Who Am I?

 

Volcano in the mountain. Lights up as the sun goes down. There’s one white building over there that lights up at 5.12pm. The moon is bright, oh the moon is full tonight.

A bird just sits on that branch there. I’ve been sitting here for hours and I know how it goes. Just watching nature. It moves so slowly sometimes.

Oh the beauty in nothing yeah. Oh the magic in nothing yeah. Oh that place where there’s nothing yeah. And everything oh yeah, at the same time. It’s one of those things. It’s one of those things. It’s one of those things.

I got a plant in my room now. It’s healing and I am healing too. Now that I can’t walk. I sit and I wait. I sometimes meditate. Contemplate on, simple things yeah. The meaning of everything yeah. How I dance deep inside. What’s my song deep inside. Who am I beyond the layers and layers of things I thought I was and now I know so many are false. So many aren’t true. I am finding slowly finding. That pearl that is me, inside like when I was a child, playing in diamond halls of magic and mystery.

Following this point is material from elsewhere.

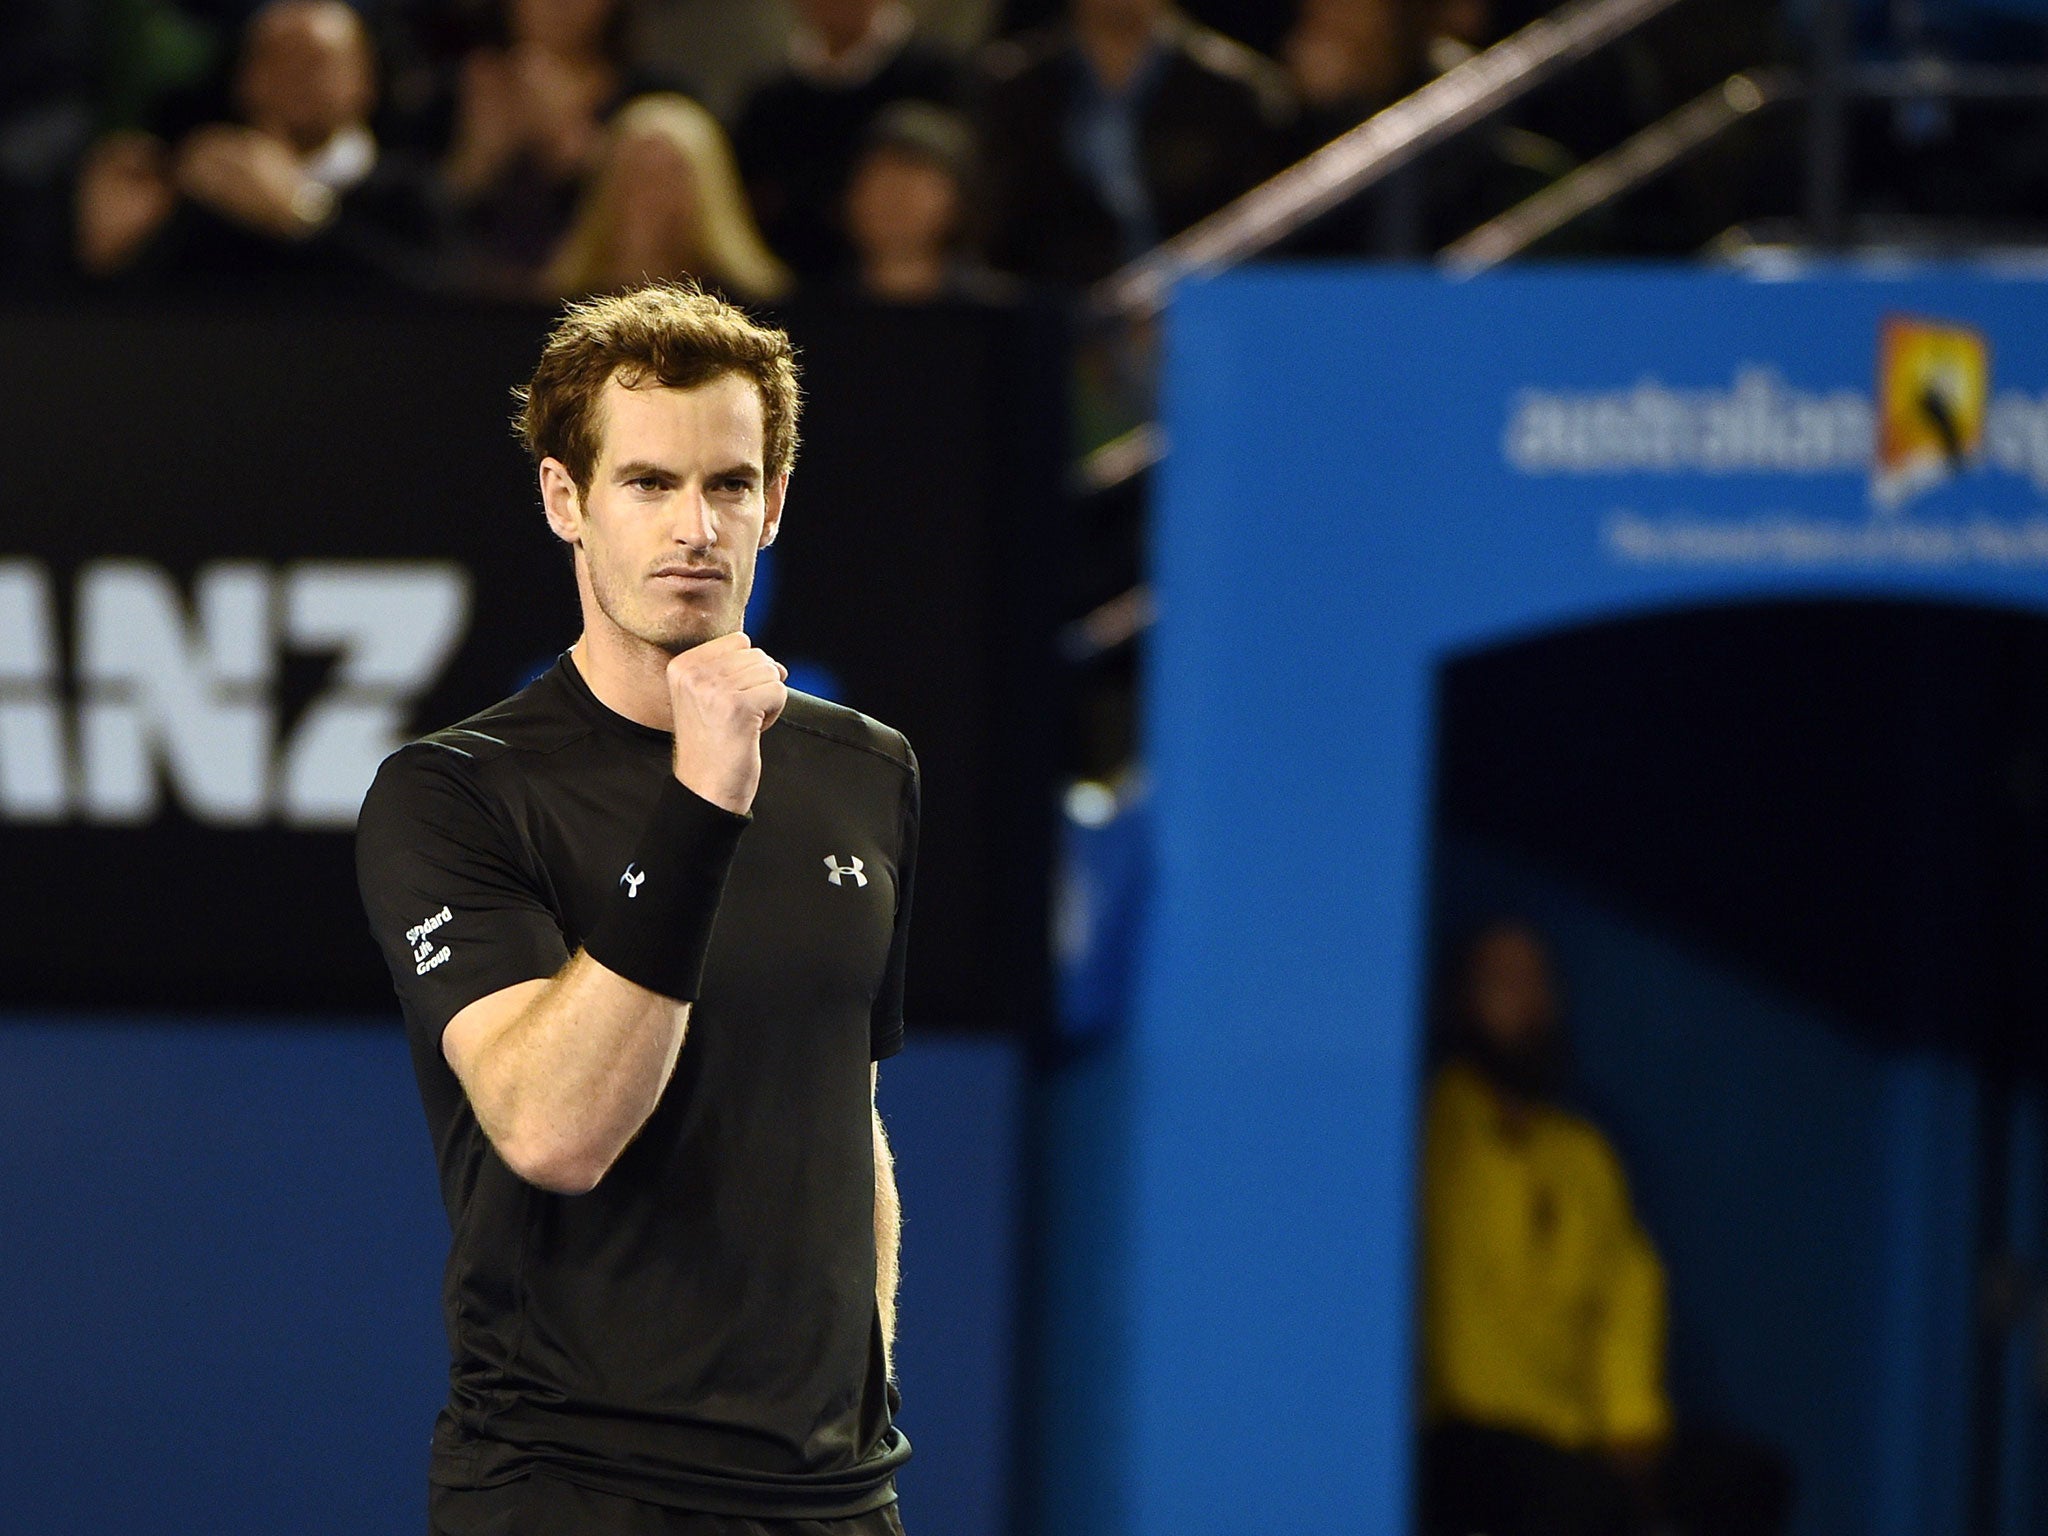 Andy Murray celebrates the victory over Nick Kyrgios in the Australian Open quarter-finals

I’m okay now with my dark side. I’m just realising it is here. I embrace it. I feel it. I let it go. Like I let everything else go. There's no better or worse, in dark or light. One lives with the other for their whole lives. And so I find peace with that who I find deep inside.

Who am I?

I ask myself that question a thousand times a day

Who am I?

I ask myself that question in my sleep.

Dreams reveal to me, secrets that I never thought I’d find.

Secrets so dark, secrets so frightful, secrets I hide, secrets I fight

with, secrets I know, they will go once I hold them all and say hello.